In 2005, he launched NewWest.net—a network of local Web sites for the region—with the intention of launching events and print later. He spent $15,000 building the site and got “about 90 percent of what The Industry Standard Web site did for one one-hundredth of the cost.” Within six to eight months, the Web site had attracted 100,000 monthly unique visitors. Weber attributes this to strong editorial. “Good stories link to good sites,” he says, “It’s a very simple calculus.”
New West was able to leverage that “initial thrust” into an event business, the launch of which attracted more than 300 people and a good amount of sponsor support. “It helped a lot on the advertising side,” he says, “especially with small and medium-size businesses who weren’t really too sold on this online advertising thing to start.”

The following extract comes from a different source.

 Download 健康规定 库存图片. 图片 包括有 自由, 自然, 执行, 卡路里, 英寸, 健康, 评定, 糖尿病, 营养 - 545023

Currently, events make up 30 percent of the company’s revenue. The Web site makes up 40 to 50 percent, while the remaining 20 to 30 percent is from the print magazine, which launched in April mostly as a brand extension of the online product. The quarterly title was relatively inexpensive to launch, according to Weber, given that New West already had an editorial staff and audience in place.

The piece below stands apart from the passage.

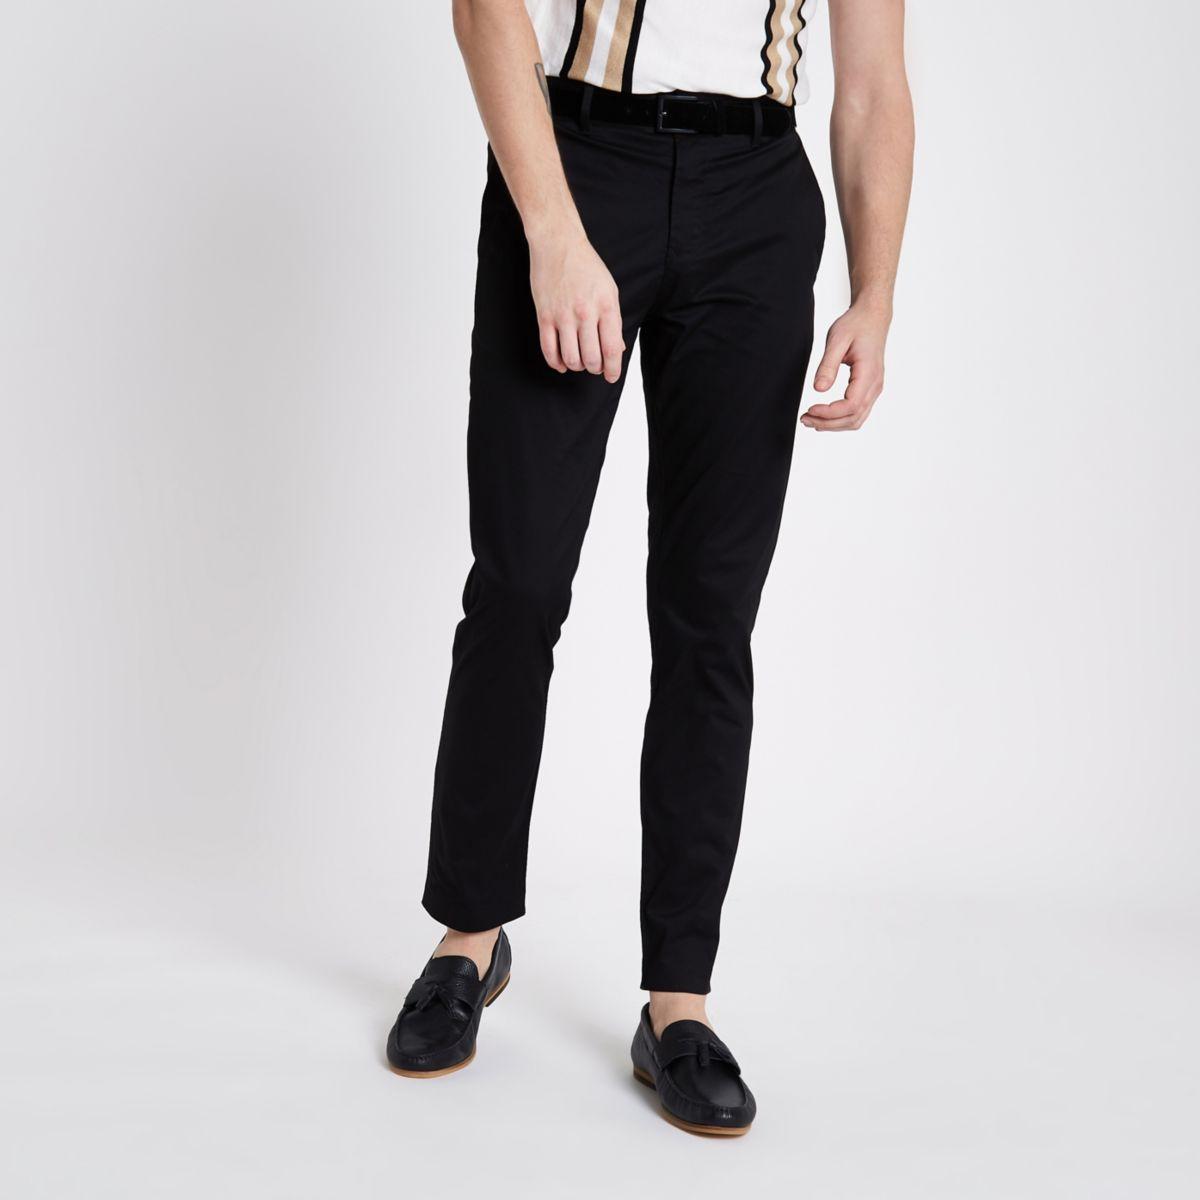 Schwarze Skinny Fit Chino-Hose mit Gürtel

With its key advertisers being in the real estate, construction, engineering and architecture markets, though, the magazine is off to a slower-than-expected start, and New West is scaling back its frequency from quarterly to bi-annually after two issues. “Part of our model is that we’re not going to lose money on print,” Weber says.
STRENGTHS: Weber built New West into a multiplatform brand by going online first and spent $15,000 initially on the Web site. He says limiting spending and money from venture capital helps the company stay flexible.
WEAKNESSES: After about three years in online and events, New West launched a quarterly print magazine this January. But after its second issue, Weber has decided to scale it back to twice a year and cites target advertising in the struggling real estate, construction, engineering and architectural markets as a major factor.
OPPORTUNITIES: Weber says he’s working on a large-scale initiative to take what New West has learned about making local online publishing into a sustainable business and use that to offer other publishers “revenue-generating services and other types of support.”
THREATS: New West’s core print advertisers and some of its online advertisers are in the real estate, construction and other housing-related markets. The company also faces the ongoing challenge of securing small-to-medium-sized local business advertisers who may not be sold on the value of online just yet.